When She Was Good
- First edition
- Author: Philip Roth
- Language: English
- Publisher: Random House
- Publication date: May 12, 1967
- Publication place: United States
- Media type: Print (hardcover)
- Pages: 306
- OCLC: 31045007
- Dewey Decimal: 813/.54 20
- LC Class: PS3568.O855 W46 1995
- Preceded by: Letting Go
- Followed by: Portnoy's Complaint

= When She Was Good =

1967 novel by Philip Roth

When She Was Good is a 1967 novel by Philip Roth. It is Roth's only novel with a female protagonist. Set in a small town in the American Midwest during the 1940s and '50s, the novel depicts the life of a moralistic young woman, Lucy Nelson.

== Plot ==
Below are the events of the novel written in chronological order:

Willard Nelson awaits his profligate son-in-law, Duane's, return to the Nelson household. As he does so, he reflects on several events that have occurred throughout his life, including Duane's descent into alcoholism, brief recovery many years later, and subsequent relapse, as well as several scenes involving Willard's deceased granddaughter, Duane's daughter Lucy. Willard spots Duane and the narrative shifts to the 1940s.

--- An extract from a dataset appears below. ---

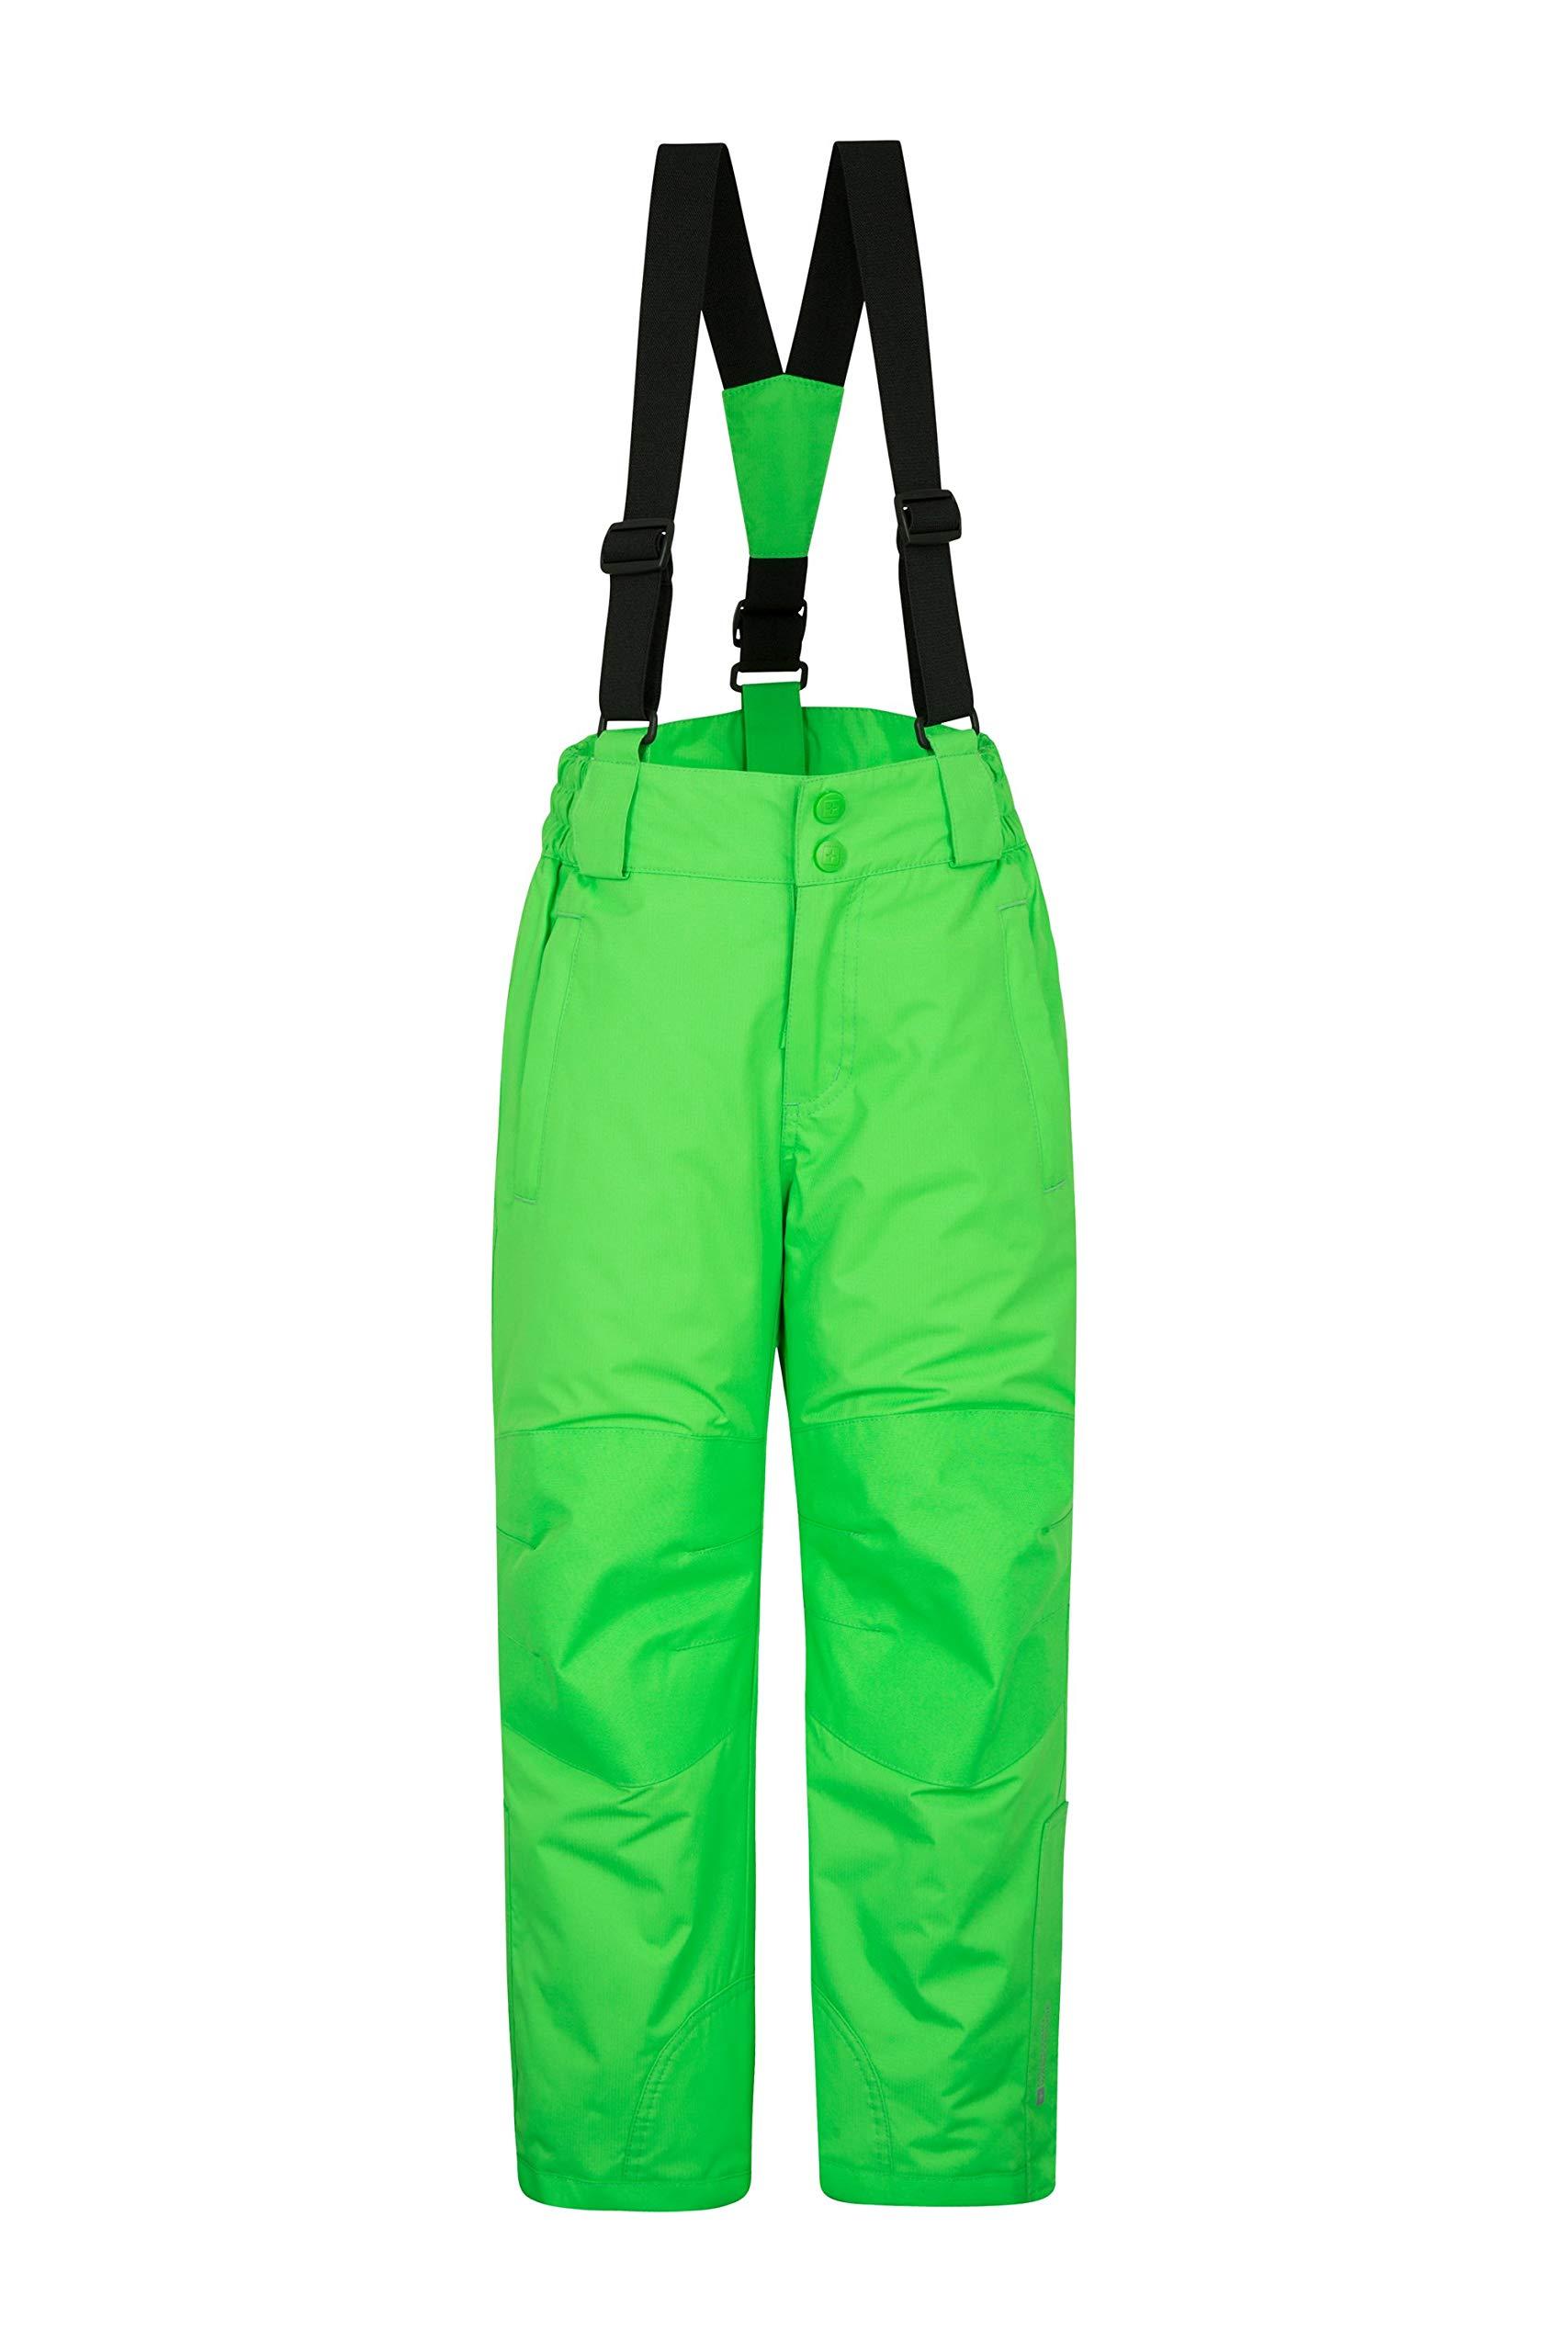 Mountain Warehouse Raptor Kids Snow Pants - Detachable Suspenders Green 9-10 Years by Mountain Warehouse

Unhappy with her home life due to her alcoholic father, Duane's, treatment of her mother, Lucy Nelson starts making plans to convert to Catholicism, thinking that she will find solace in the religion. After she calls the police on her father when witnessing him beating her mother, a local priest, Father Frank, implies that Lucy must repent for betraying her family, prompting her to lose interest in Catholicism.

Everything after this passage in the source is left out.